Before sending the first packet, the timeout value is, arbitrarily, set to 5 seconds. Assume the sender has just received an ack with sequence S and timestamp T. Let C be the current time at the sender andTObe the timeout time.
if (S = 0)
ERTT := (C - T)
EDEV := 0
TO := 2*ERTT
else
SRTT := (C - T)
SDEV := |SRTT - ERTT|
ERTT := a*ERTT + (1-a)*SRTT
EDEV := b*EDEV + (1-b)*SDEV
TO := ERTT + 4*EDEV
The value of a is set to 0.875 and b is 0.75.
Computing the sender timestamp: In the 64-bit timestamp field, the sender includes a monotonically increasing timestamp with granularity of one nanosecond. This is obtained from the System.nanoTime() function.
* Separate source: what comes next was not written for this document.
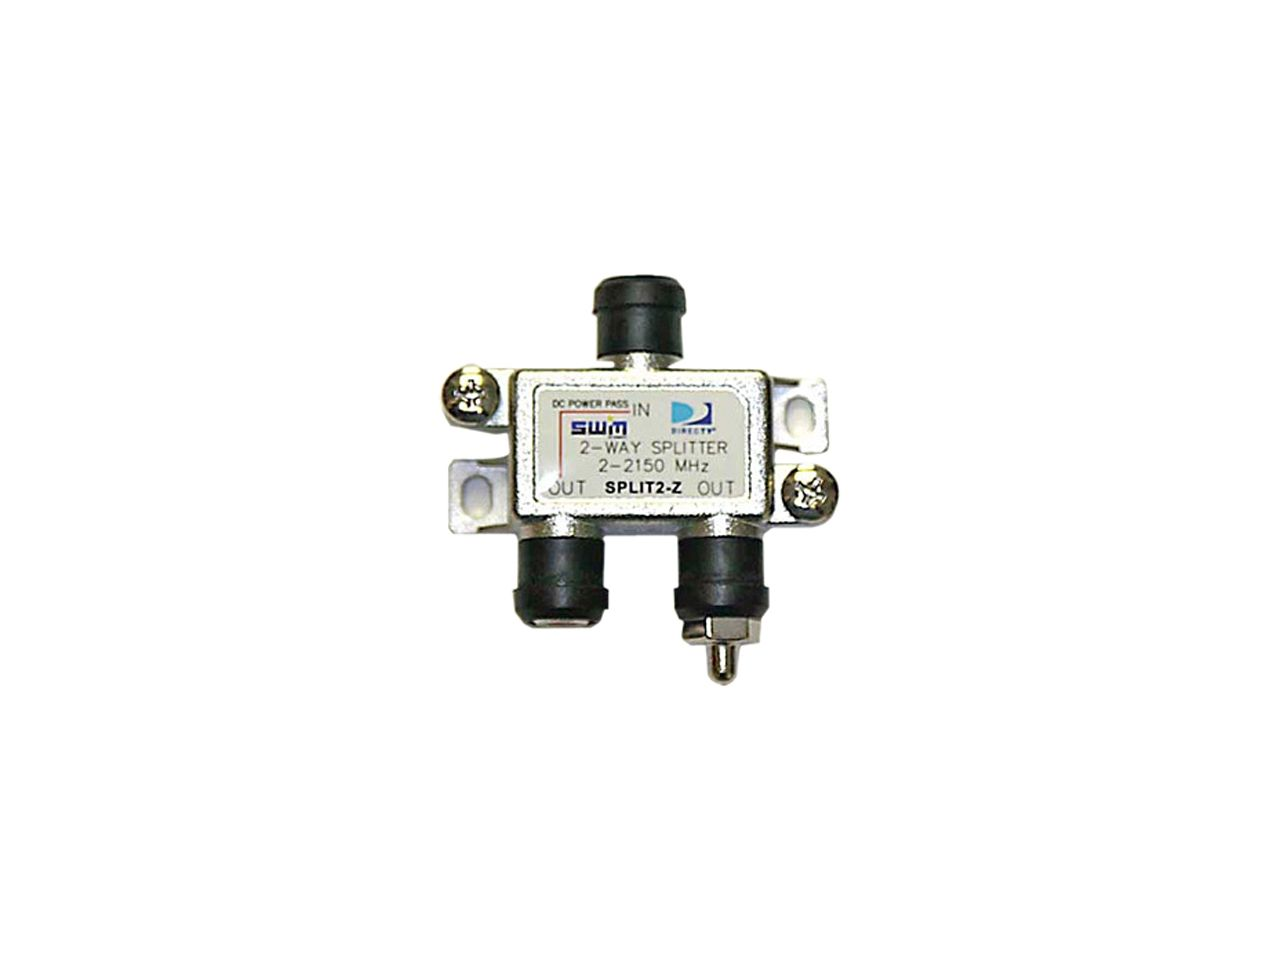 DIRECTV SPLIT2 SWM 2 Way Splitter 2-2150 Mhz 1 Port Power

I have implemented a java executable called TCPend. It needs a sender and receiver connection to start the file transfer. Command line arguments will indicate which host is the initiator of a TCP transfer. The senderTCPendmust support the following options at startup:
java TCPend -p <port> -s <remote IP> -a <remote port> -f <file name> -m <mtu> -c <sws>
- port: port number at which the client will run
- remote IP: the IP address of the remote peer (i.e. receiver). With the -s flag your program should operate in sending mode.
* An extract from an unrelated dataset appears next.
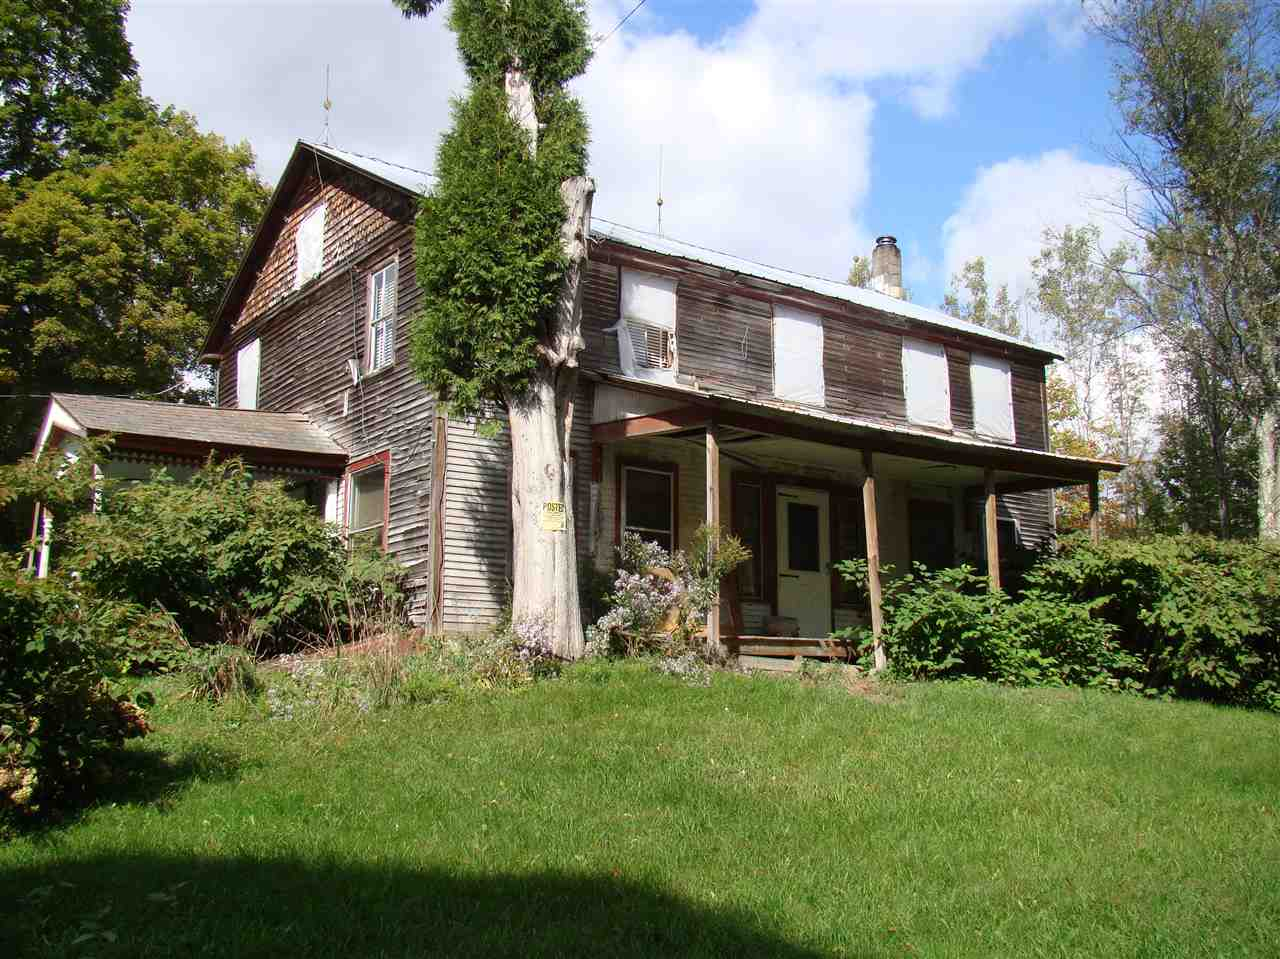 451 clark hollow road poultney vt vermont real estate for Vermont home insurance

- remote port: the port at which the remote receiver is running
- file name: the file to be sent
- mtu: maximum transmission unit in bytes
- sws: sliding window size in number of segments
The remote receiver uses the following set of arguments:
java TCPend -p <port> -m <mtu> -c <sws> -f <file name>
- port: port number at which the receiver will listen at
- file name: the path where the incoming file should be written
- mtu: maximum transmission unit in bytes
- sws: sliding window size in number of segments
Each host should output the information about each segment that it sends and receives in the following format:
<snd/rcv> <time> <flag-list> <seq-number> <number of bytes> <ack number>
where flag list includes S for SYN, A for ACK, F for FIN and D for data. The following are valid output lines for a connection initiator that sends 112 bytes of data:
snd 34.335 S - - - 0 0 0
rcv 34.8 S A - - 0 0 1
snd 34.81 - A - - 1 0 1
snd 35.5 - A - D 1 56 1
snd 35.6 - A - D 57 56 1
rcv 36.2 - A - - 1 0 113
snd 36.65 - - F - 113 0 1
rcv 37.2 - A F - 1 0 114
snd 37.3 - A - - 114 0 2
At the end of the transfer, i.e., once the connection has been closed you should print the following statistics:
- Amount of Data transferred/received
- Number of packets sent/received
- Number of out-of-sequence packets discarded
- Number of packets discarded due to incorrect checksum
- Number of retransmissions
- Number of duplicate acknowledgements
To test the implementation, use a mininet virtual topology but modify the router implementation to drop packets with a given probability. E.g., drop 5% of the IP packets received. Then you could try sending the file from one mininet host to another (use xterm to open terminal windows on different mininet hosts) connected via the modified router and see if the file gets transferred correctly.
To run it first start mininet using the following command:
sudo ./run_mininet.py topos/single_rt.topo -a
Then start pox:
./run_pox.sh
Then start your virtual router that you’ve modified that will drop 5
java -jar VirtualNetwork.jar -v r1 -r rtable.r1 -a arp_cache
Now open terminal windows on hosts h1 and h2 by typing xterm h1 h2 in mininet console. Navigate to the directory where with your TCP implementation and send a file from h1 to h2. If your implementation is correct, the file should be successfully transferred to h2 i.e., content should exactly match. In addition to visual inspection of the received file, you may also use checksum utilities such as sha256 sum to verify that the files are indeed identical.